TASK STATEMENT:
The required output is the exact run of lines from the one bearing "san francisco 42702" through the final line of the listing below, with the pictures removed.

DATA SHOWN:

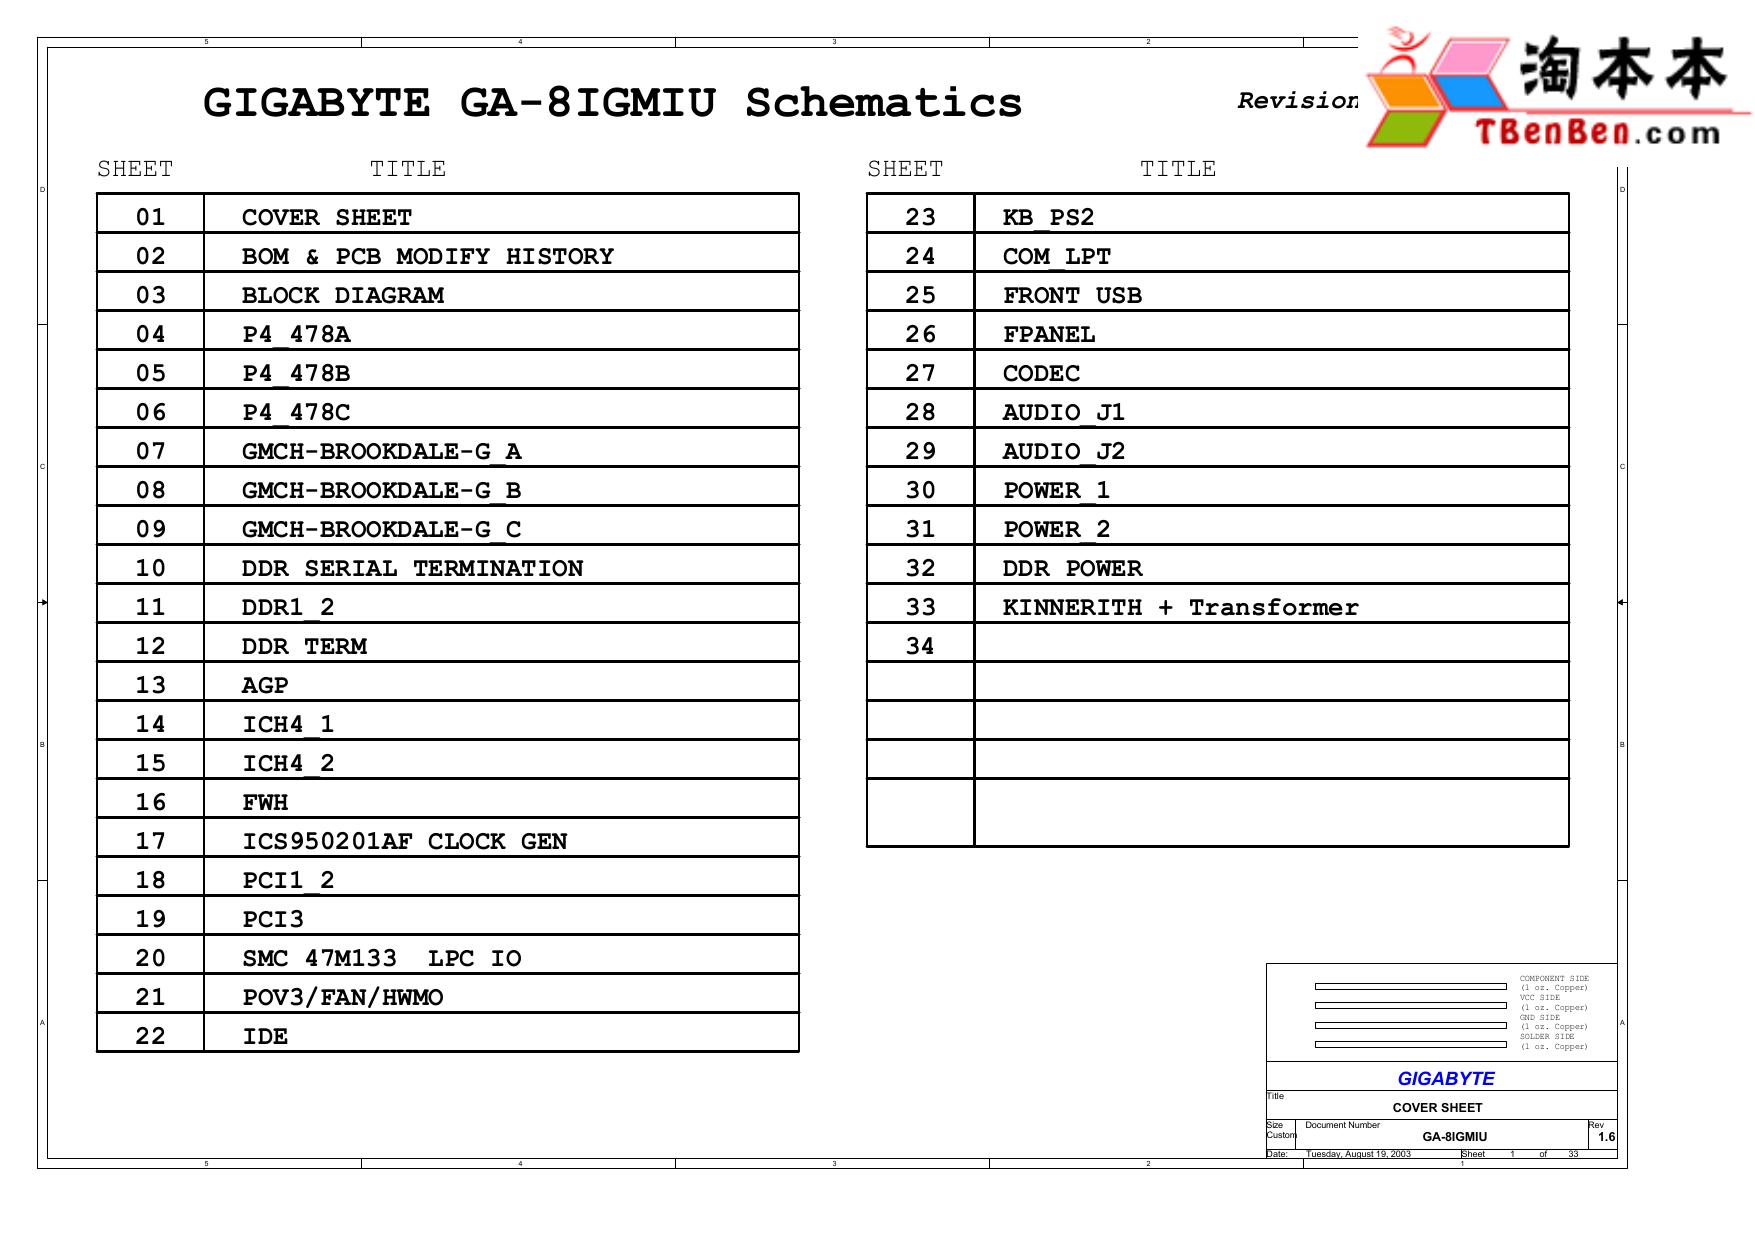 Ga-8igmiu Manualzz Ga-8igmiu Gigabyte Gigabyte Ga-8igmiu Schematics Schematics Manualzz Gigabyte
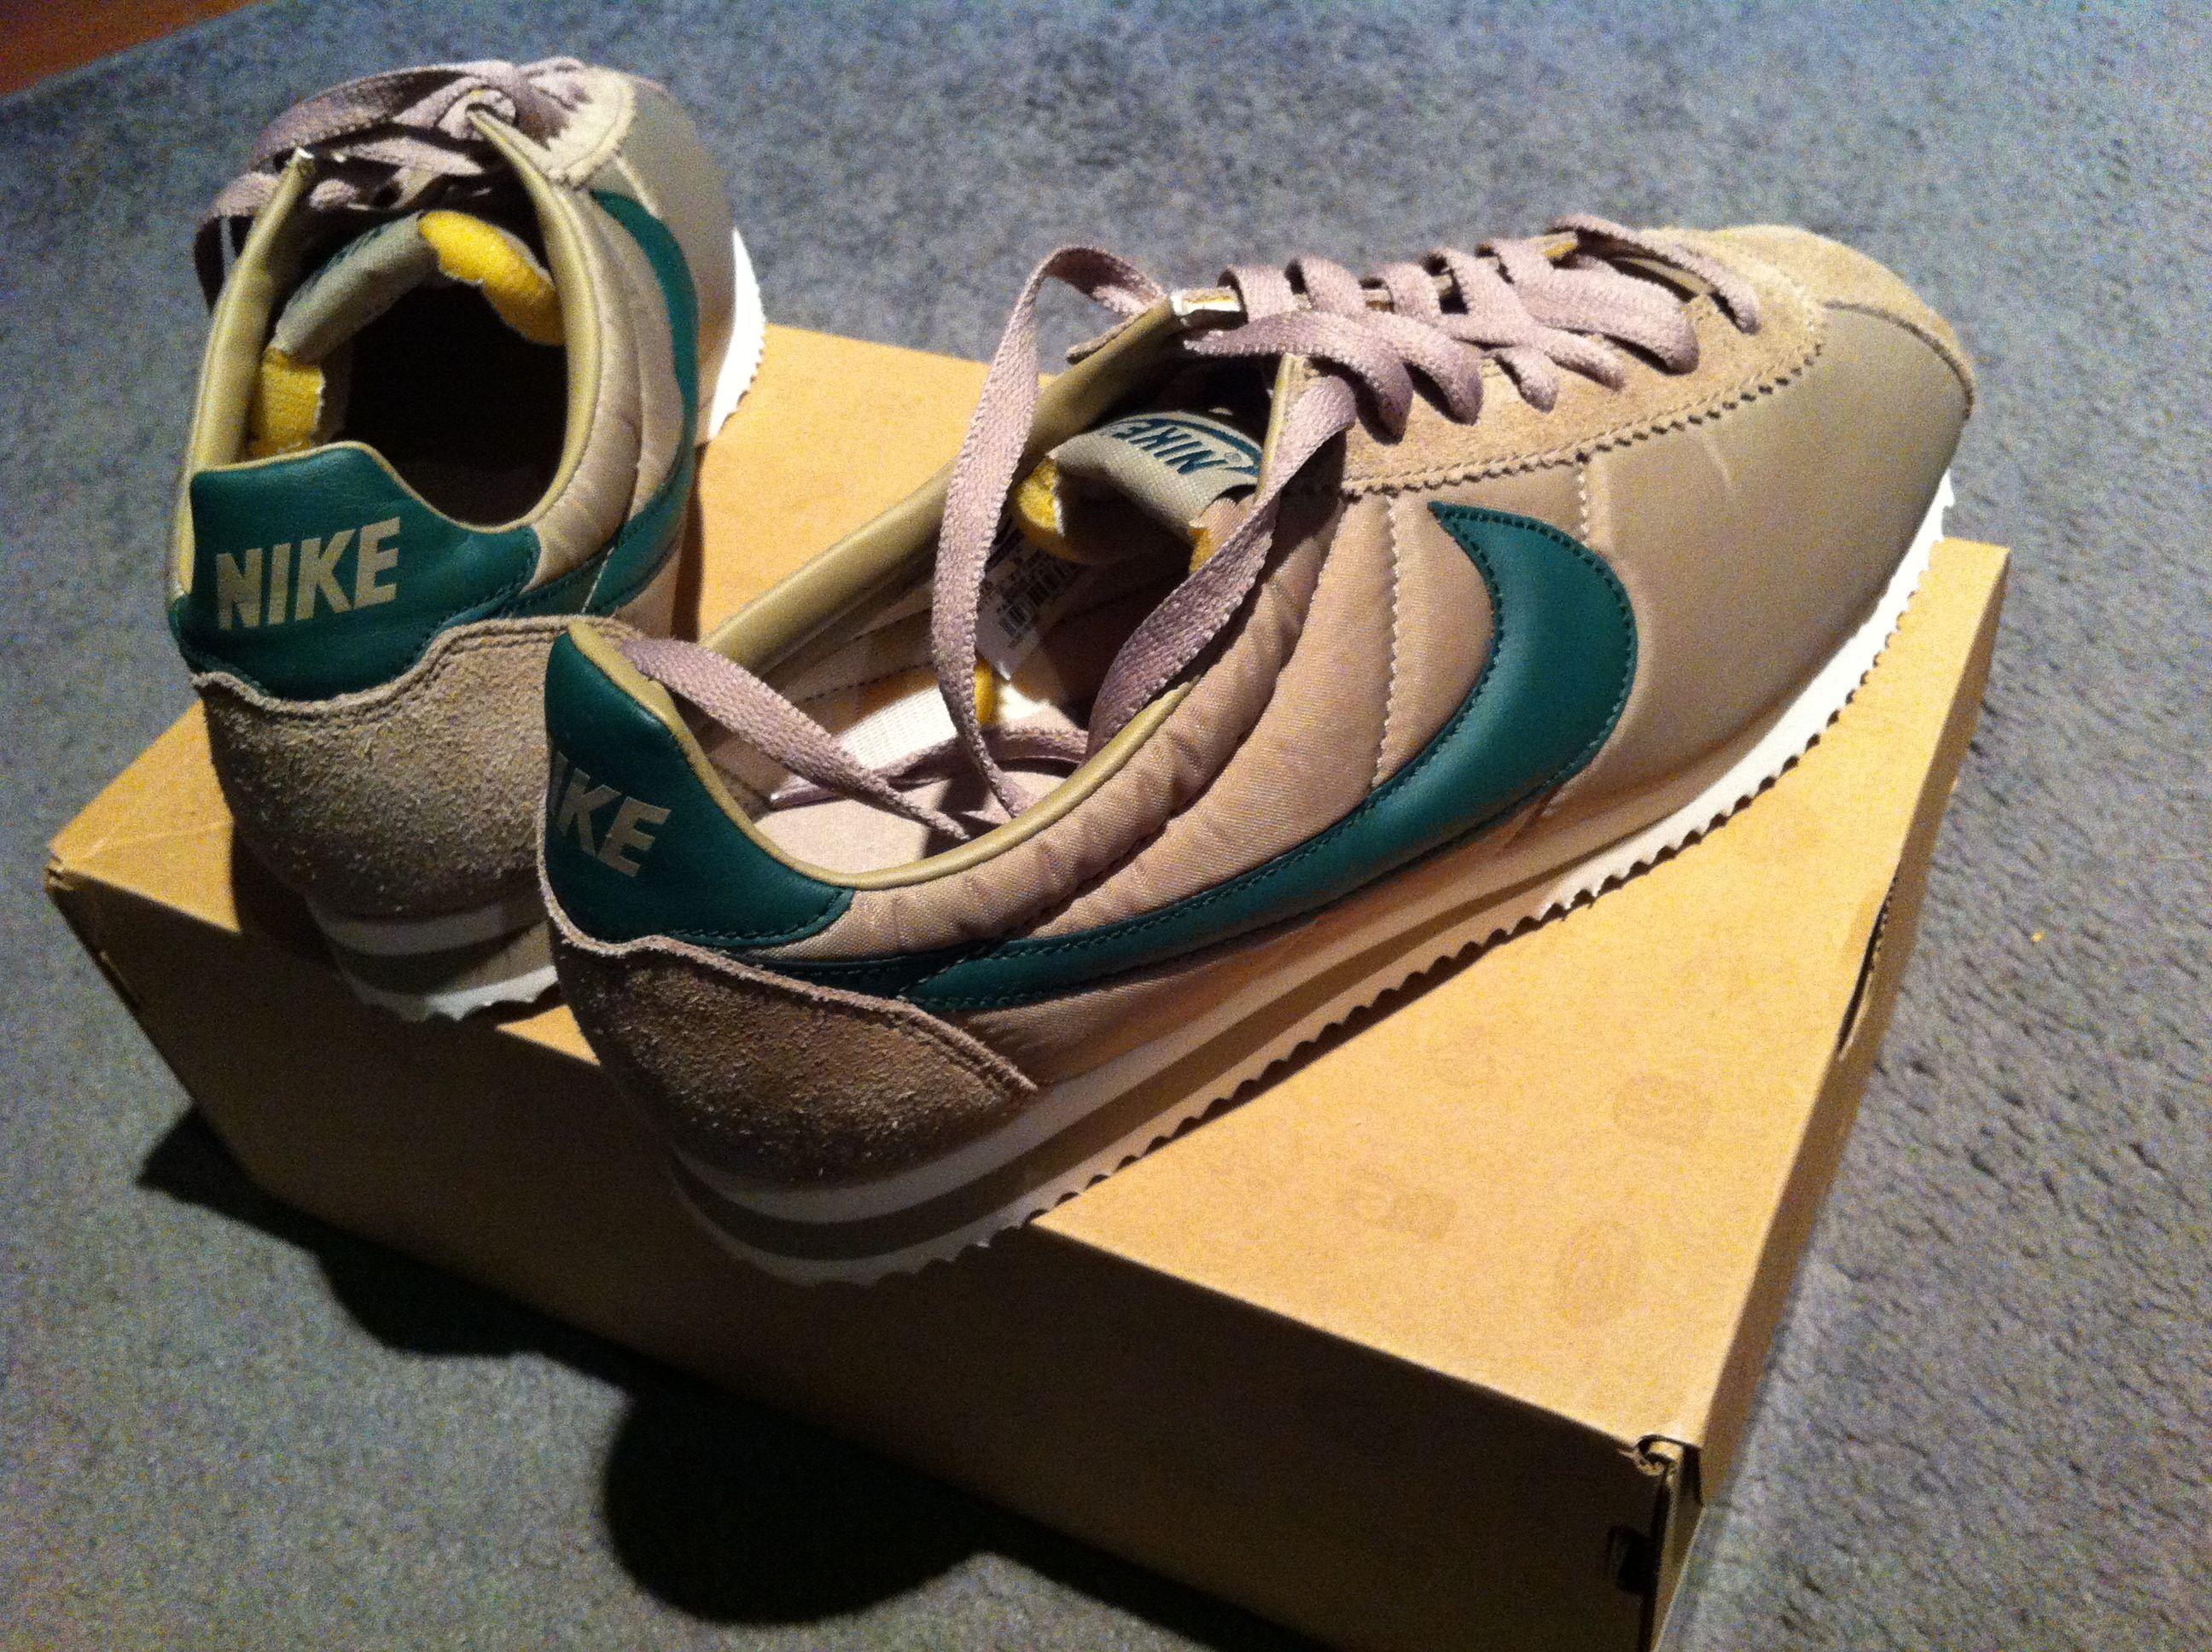 san francisco 42702 5c8c0 Nike Classic Cortez VNTG khaki george green-sail - found their home  -)
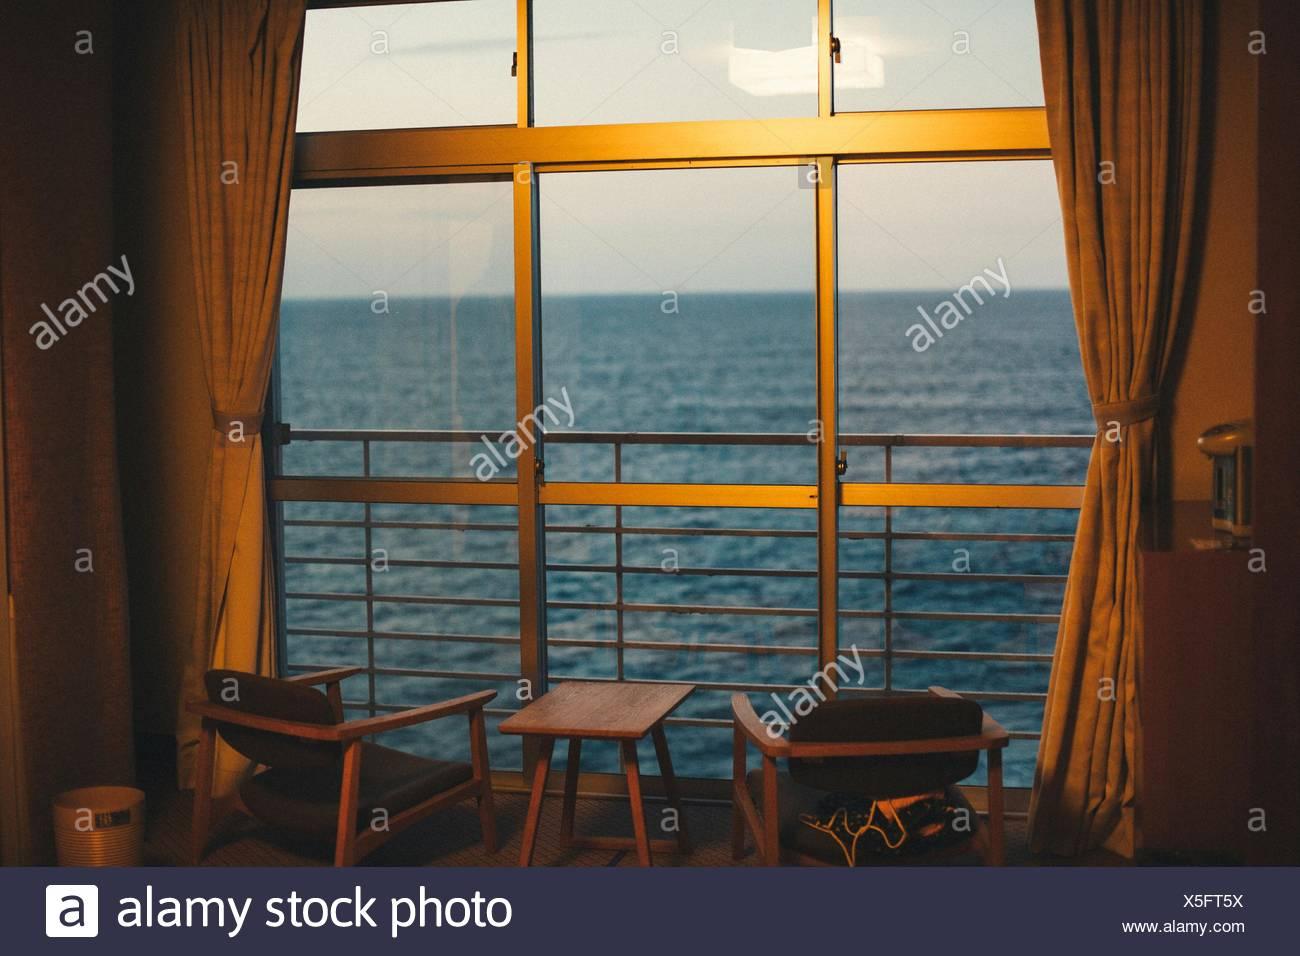 Sea Seen Through Window Of Room - Stock Image

WRITTEN RESPONSE:
 san francisco 42702 5c8c0 Nike Classic Cortez VNTG khaki george green-sail - found their home  -)
 Sea Seen Through Window Of Room - Stock Image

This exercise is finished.